“If only she could put them together, she felt, write them out in some sentence, then she would have got at the truth of things.”
–Virginia Woolf. To the Lighthouse.
I bought my most beautiful edition of Virginia Woolf’s work in China. I found it in new bookstore on a busy, hot street in Chengdu, a city I had lived in 10 years earlier. Chengdu had radically modernized since I had last seen it. At the same time dear old friends and some of the rich street life were gone. At the orphanage where I had helped over the years, I saw much was also improved for the children. Fewer orphans were arriving at their gates, but the little beds were now increasingly filled with children with profound disabilities, fragile kids with daunting needs.
My return to China was both exciting and sad. Mostly it was disorienting, and so the English section of the bookstore was the natural place to take refuge. As soon as I walked in, I impulsively reached for a paperback copy of Virginia Woolf’s Selected Works, which featured a cover photo of Woolf when she was twenty years old and everything lay yet ahead of her. The volume itself weighed a shocking amount, at least 5 pounds—no sensible traveler would consider packing it. But the minute I opened the 1100 page book and it fell open to one of Woolf’s incomparable sentences, the swoop and repetition, the longing to capture and understand, I had to have it.
I carried my discovery back to my hotel the way I would a scroll painting or a jade antique, a great find at a good price. Then I lay down in my hotel bed, the sounds of China outside my window, and read. Every few minutes I would stop, pick up my pen and write. The complexity of what I was experiencing began to spill out on the page.
Reading Woolf at difficult times has become automatic for me. The character Laura Brown in Michael Cunningham’s novel The Hours carries Woolf’s novel Mrs. Dalloway with her to a hotel to read alone. Laura, suffocating in her role as mother and wife and not understanding why, imagines she will take her own life that day. In the early drafting of Mrs. Dalloway, Woolf thought her character Clarissa Dalloway would struggle with suicide but as the book developed her internal suffering is taken on by another character, whose choice to kill himself presages the decision that Woolf years later will make for herself. The desire to get “at the truth of things” through language goes beyond a wish to summarize the significance of an event or to even find comfort—although it is a delight when either of those things happens, too. The urgency that underlies this effort to still and then illuminate moments in Woolf’s novels reflects the impossible: Our attempt to stop time in order to more fully live and understand it through language.
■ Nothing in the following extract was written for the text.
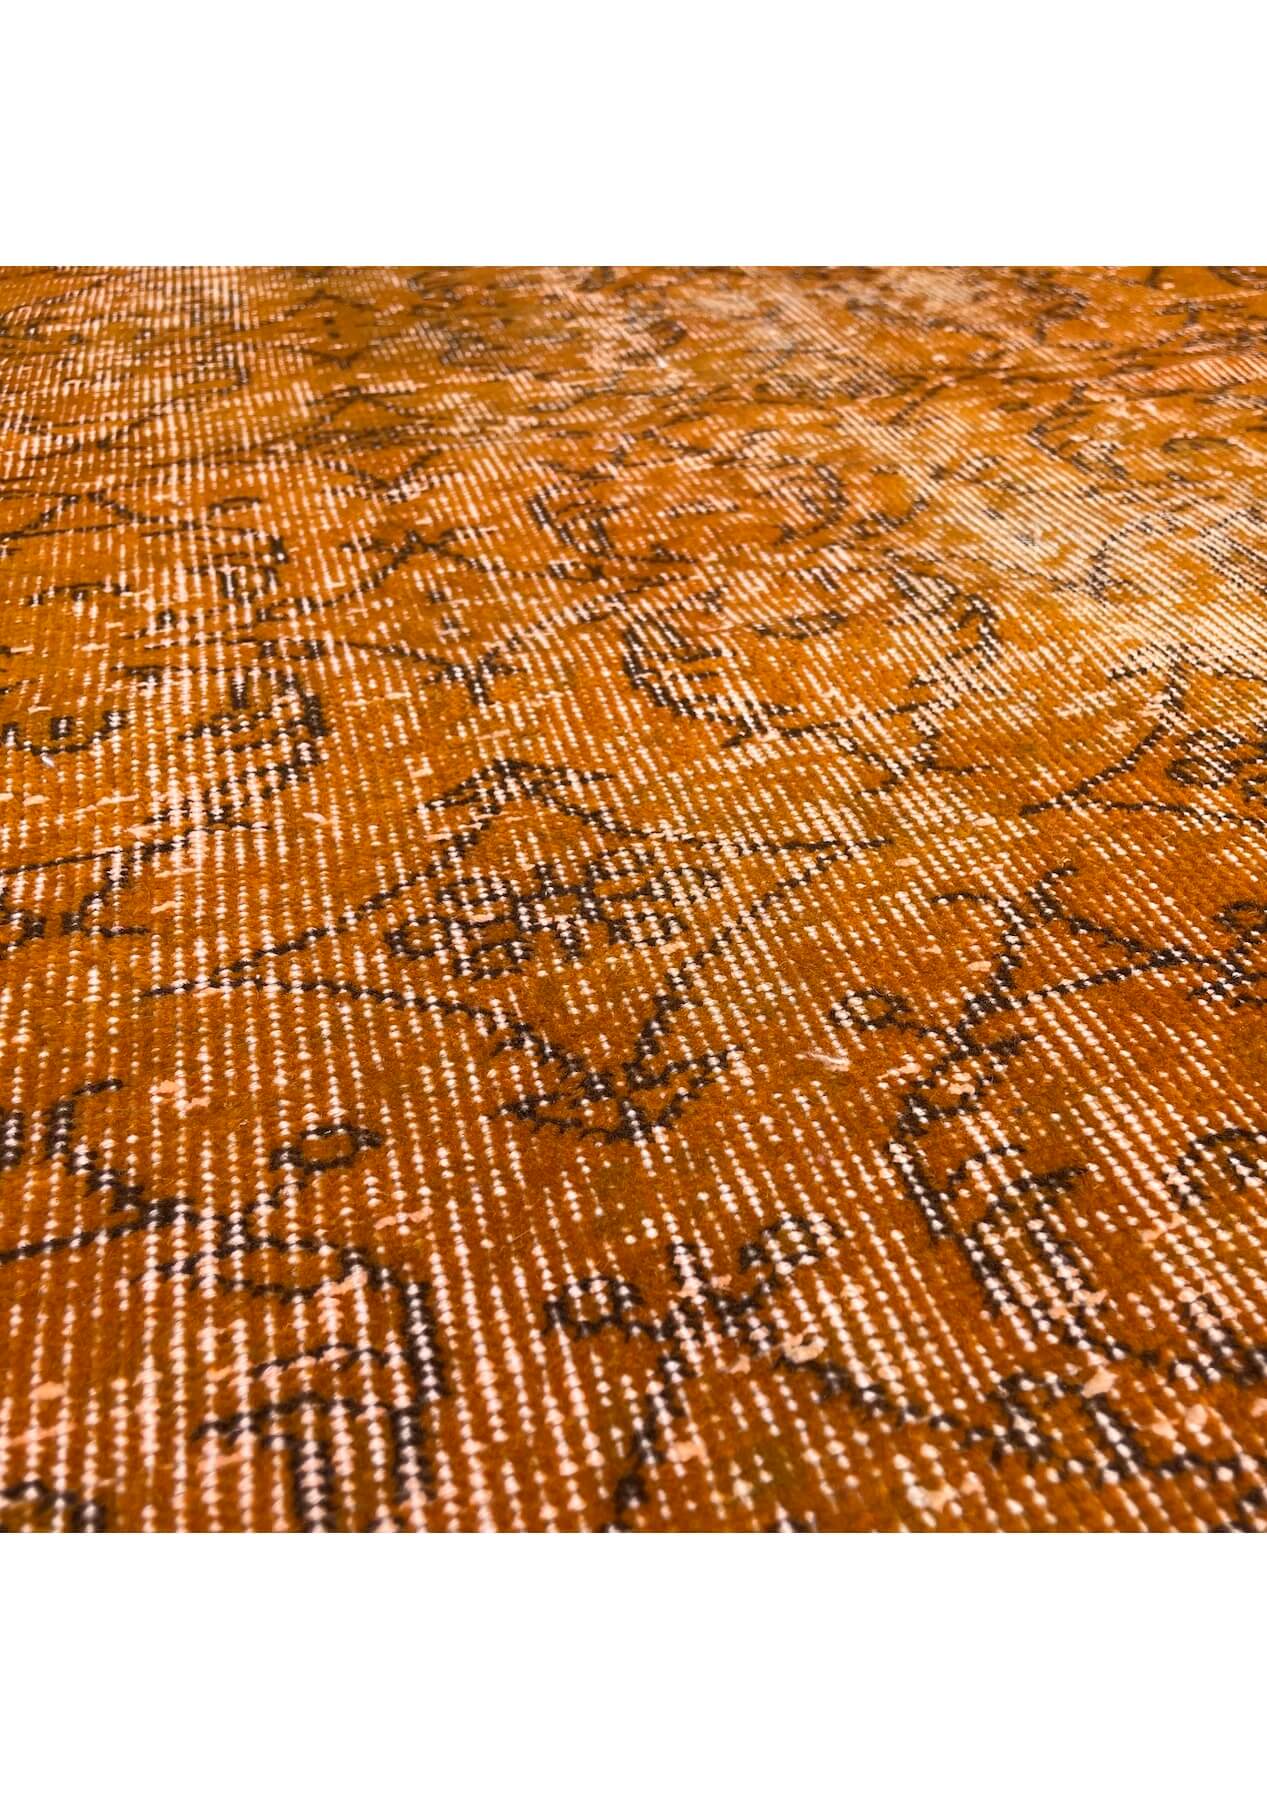 Lauryn - Vintage Orange Overdyed Rug - kudenrugs

I filled a notebook in that hotel in China, and from it came fiction that, more than five years later, has finally taken on the shape of a novel. Lily Briscoe in Woolf’s To the Lighthouse spends years on a single painting. She is young when she begins, unsure of herself, vulnerable to the constant interruptions and influences of others. Often she wishes to be alone, but at the same time she draws from the people around her because they, too, are part of her experience. Lily meets frustration repeatedly in the pursuit of her work. She cannot find the answers, the right way to properly capture what unfolds for her as she paints and ages. “The question was of some relation between those masses. She had borne it in her mind all these years.”
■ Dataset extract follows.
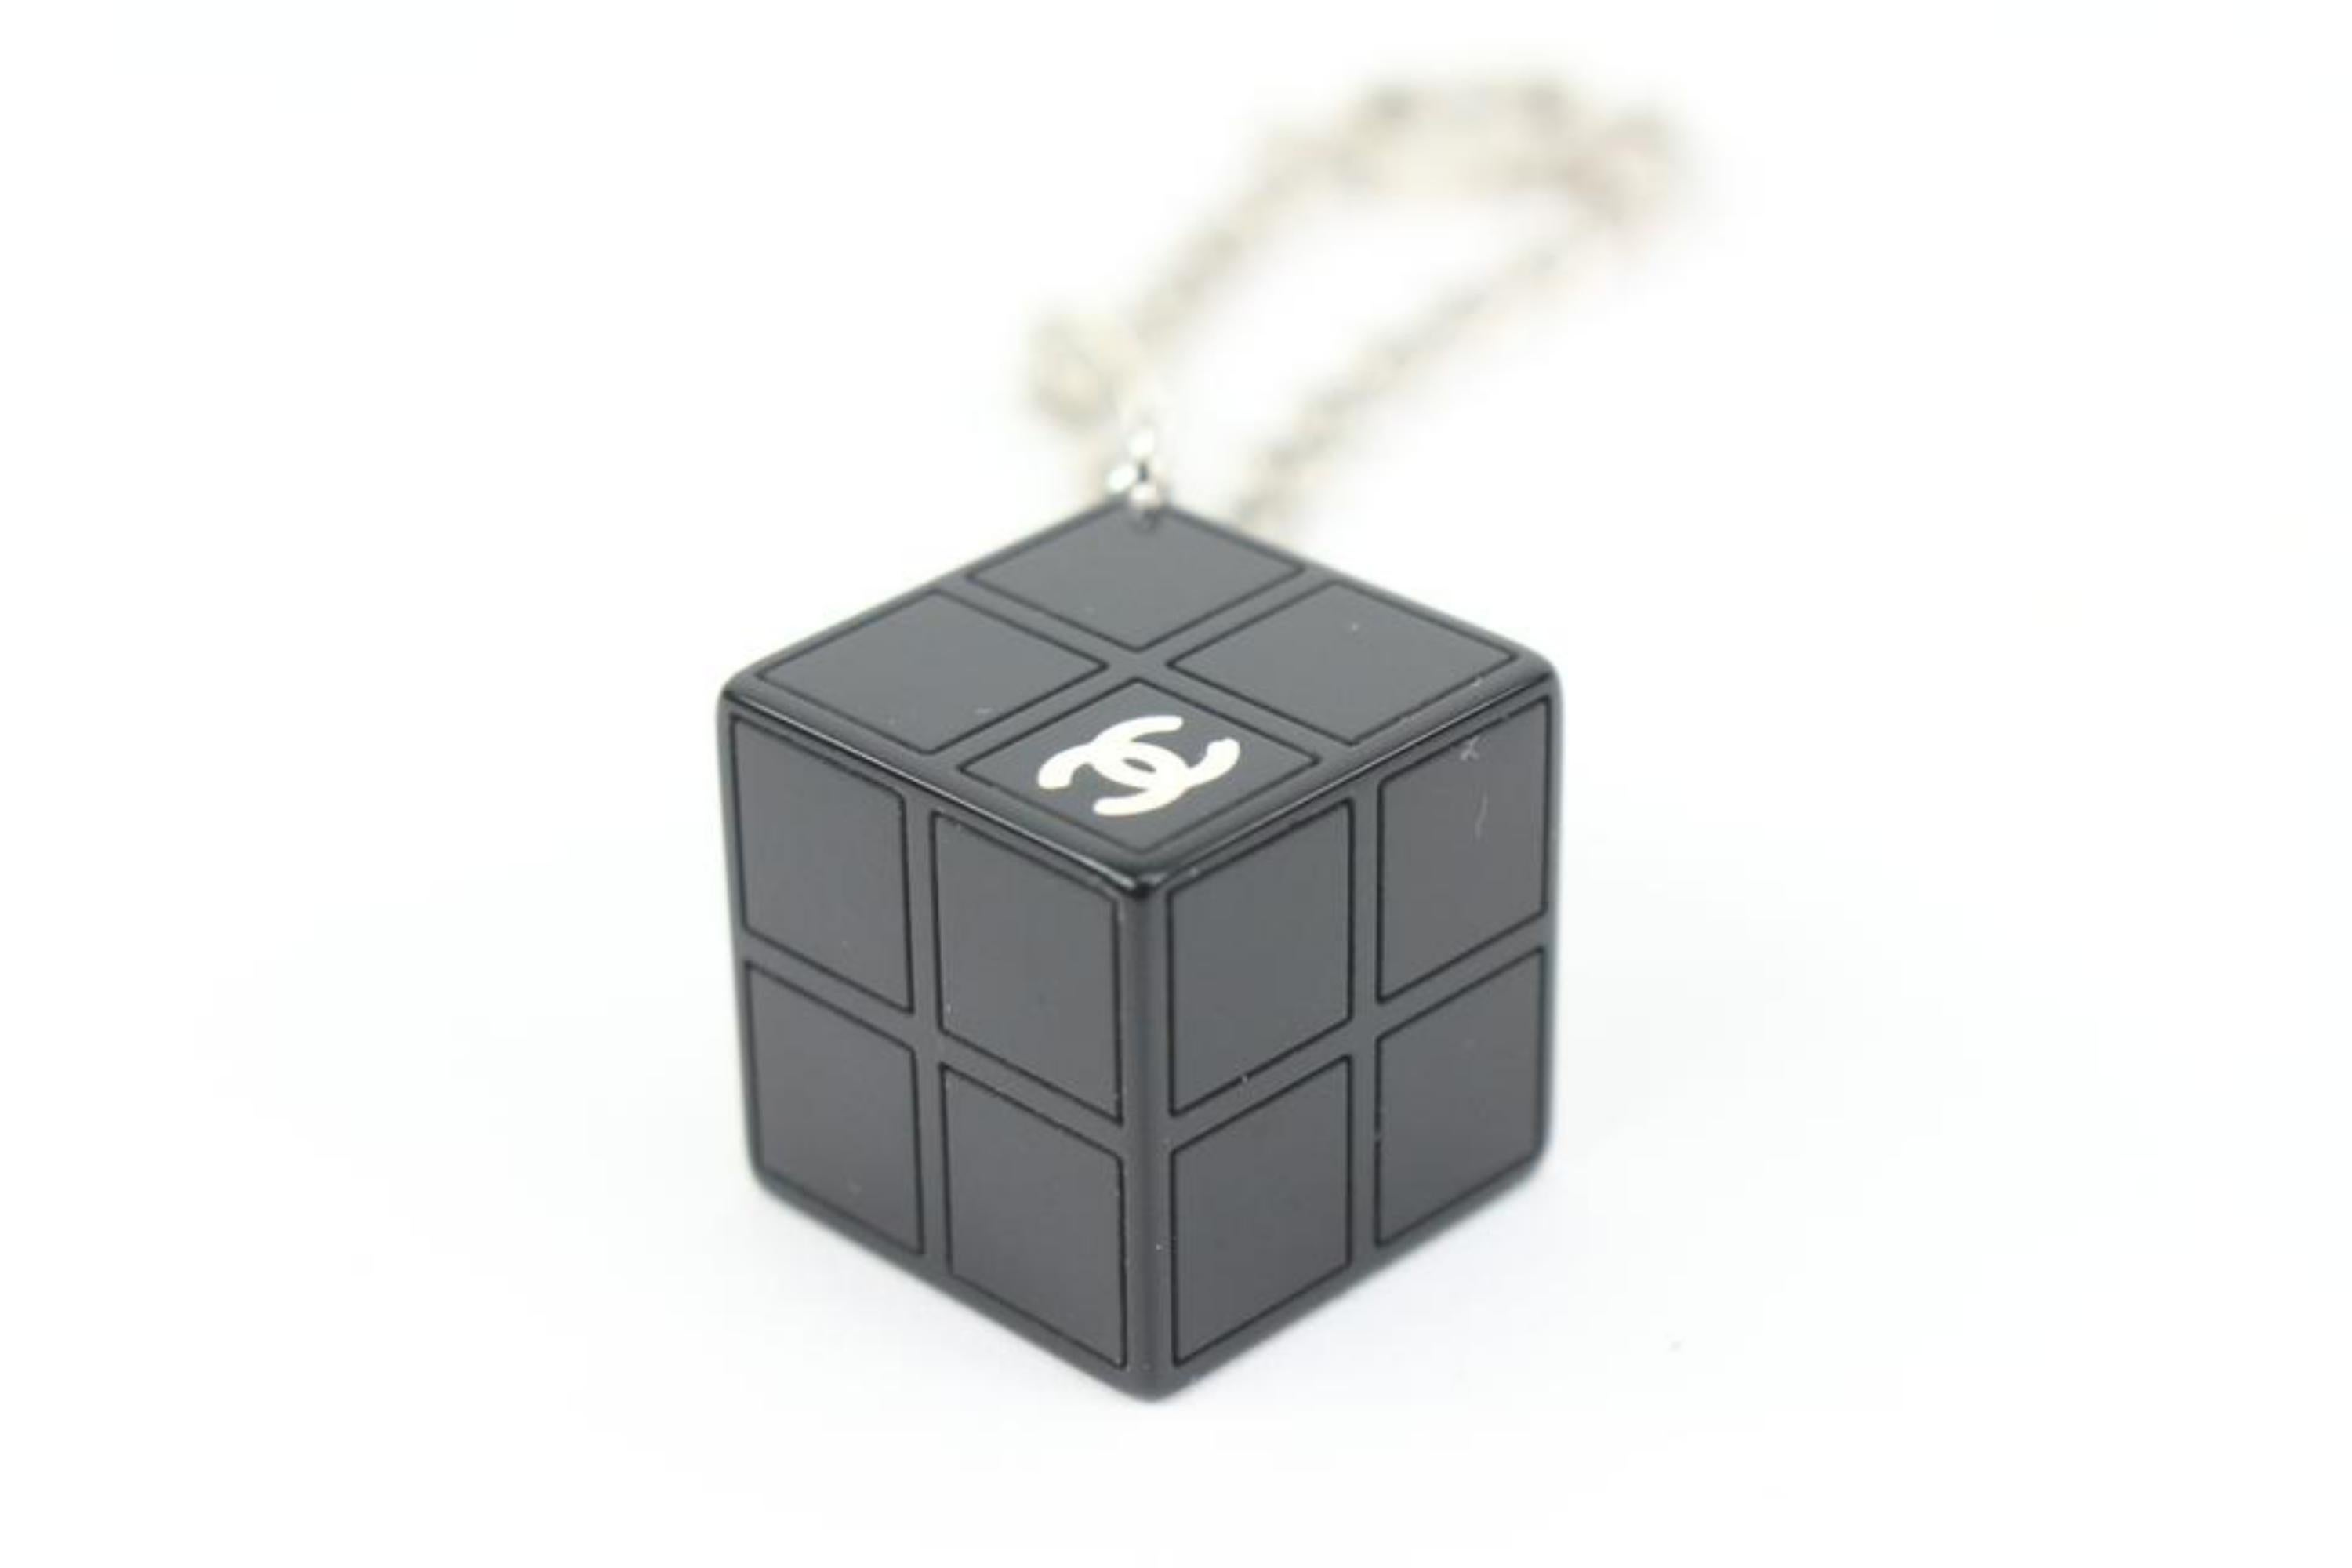 Chanel 04s Schwarz x Silber CC Logo Cube Block Armband 16ck311s
Datum Code/Seriennummer: 04 S
Hergestellt in: Italien
Maße: Länge:  7.5

Every morning when I sit down to write I am hopeful that this is the day it all comes together, that I will have found a way to make the portion of the story I am working on reveal what rings true for me, to go as far as possible toward a meaning I am often racing to grasp. Of Lily, Woolf writes, “It seemed as if the solution had come to her: she knew what she had to do.” But it will be a good many more pages and more stops and starts before Lily would be able to finish. Much like Lily, a writer grapples with mistakes and with miss-starts, often for a very long time, and then there is the moment of arrival: A sentence snaps into place, a chapter breathes life into the character, and a draft of a book—reeking with errors and ridiculous in places–prints out before her. Buried in the jumble, there is meaning, although it will take many more hours of work before she can make it come out clean.
Woolf’s novels read like internal conversations she is having with herself as much as with her readers about why human beings create, how the impulse and practice can shape who we are, be key to mental and emotional survival. What matters above all else, Woolf seems to say in her novels, is that we honor the need to try.
At the end of To the Light House, Lily puts the final stroke upon her painting. For a shimmering moment in the very last paragraph her picture hangs complete in the mind of the reader. Lily’s painting, like Woolf’s novel, is the best she can do to bring it all together—her life, those she loved and lost, the place where it happened, those impossible years. “It would be hung in the attics, Lily thought; it would be destroyed. But what did it matter? . . . I have had my vision.”